◆ Source data
§

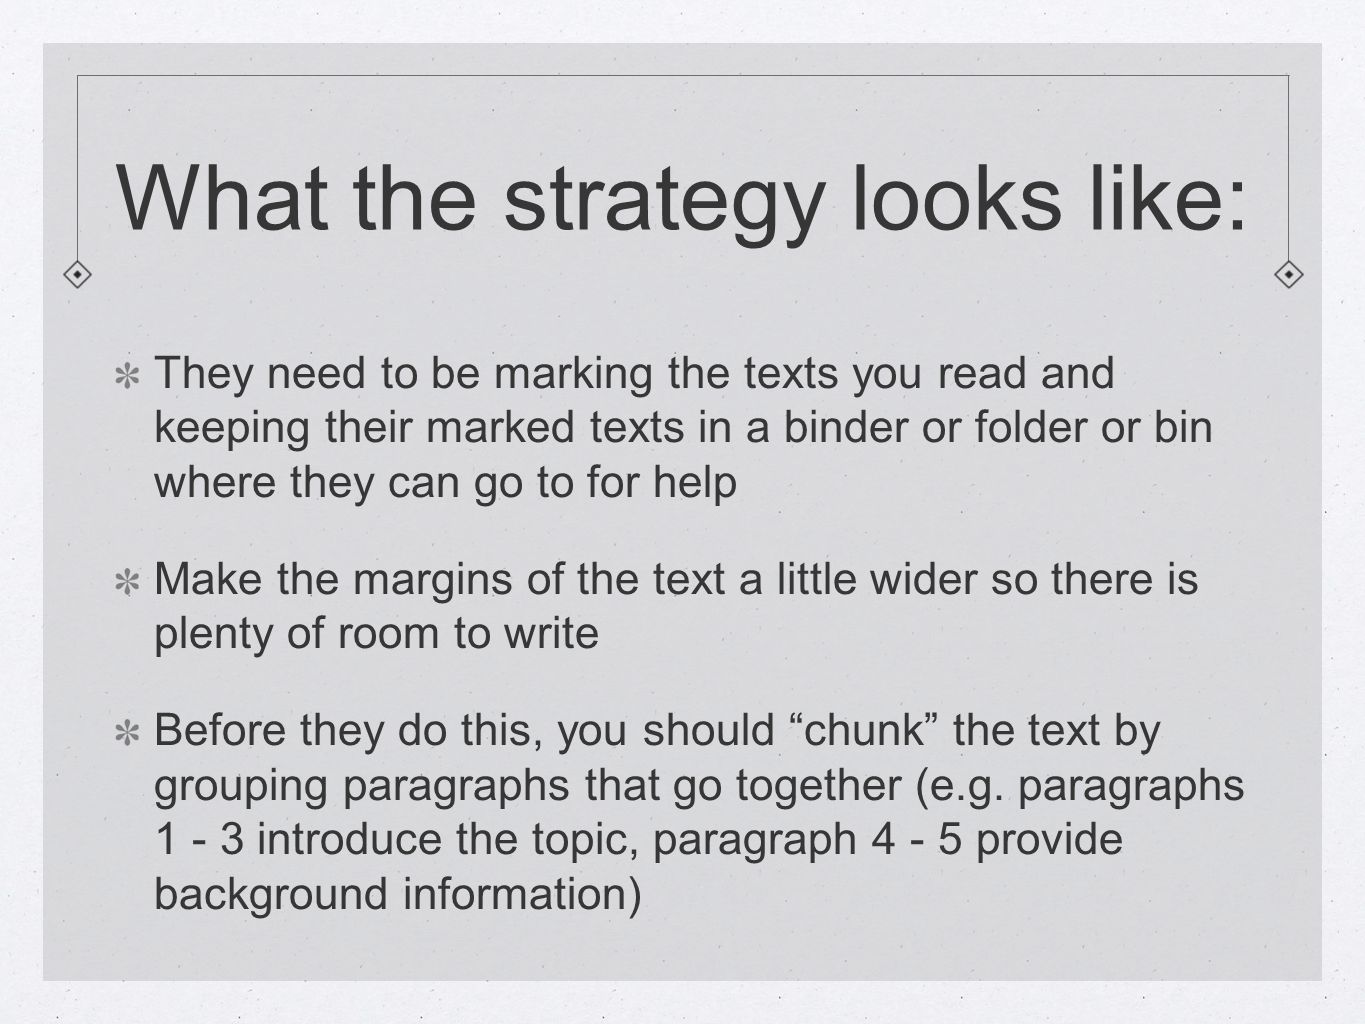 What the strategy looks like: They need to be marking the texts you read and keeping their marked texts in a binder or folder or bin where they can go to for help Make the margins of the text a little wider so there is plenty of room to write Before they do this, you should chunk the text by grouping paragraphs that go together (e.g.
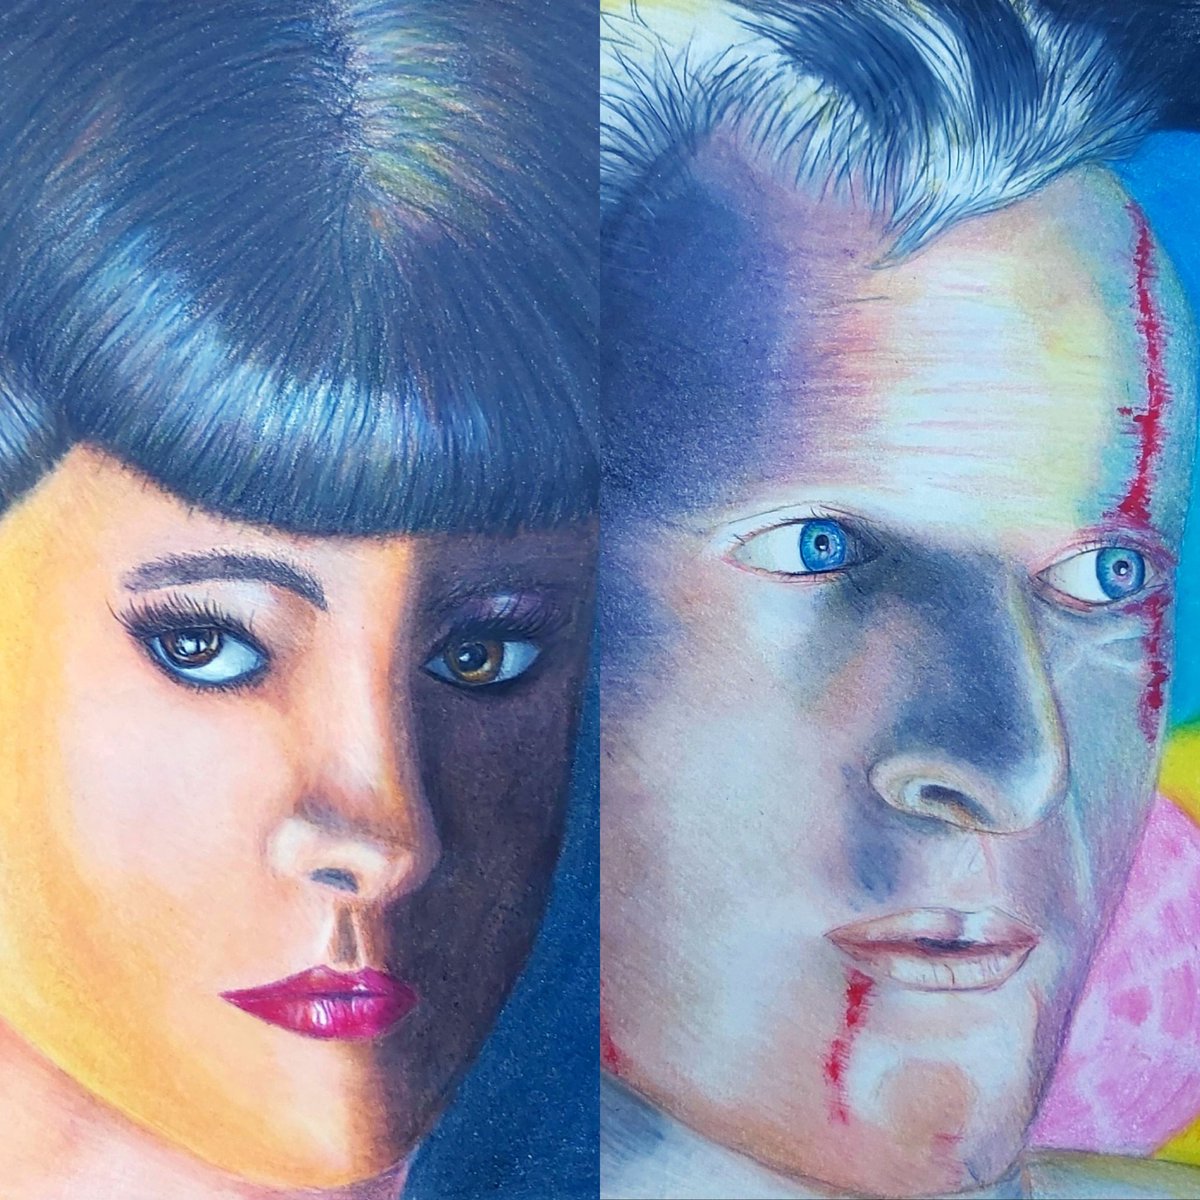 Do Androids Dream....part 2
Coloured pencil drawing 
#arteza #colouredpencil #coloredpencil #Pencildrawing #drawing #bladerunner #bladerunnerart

§

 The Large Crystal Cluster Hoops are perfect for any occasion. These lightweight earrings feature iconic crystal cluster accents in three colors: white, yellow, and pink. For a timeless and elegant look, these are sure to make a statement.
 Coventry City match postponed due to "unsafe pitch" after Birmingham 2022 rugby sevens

§

Print from the line containing "Do Androids Dream....part 2" through the line containing "#arteza #colouredpencil #coloredpencil" in the data above, exactly as the lines stand, and omit every picture.

◆ Answer space
 Do Androids Dream....part 2
Coloured pencil drawing 
#arteza #colouredpencil #coloredpencil #Pencildrawing #drawing #bladerunner #bladerunnerart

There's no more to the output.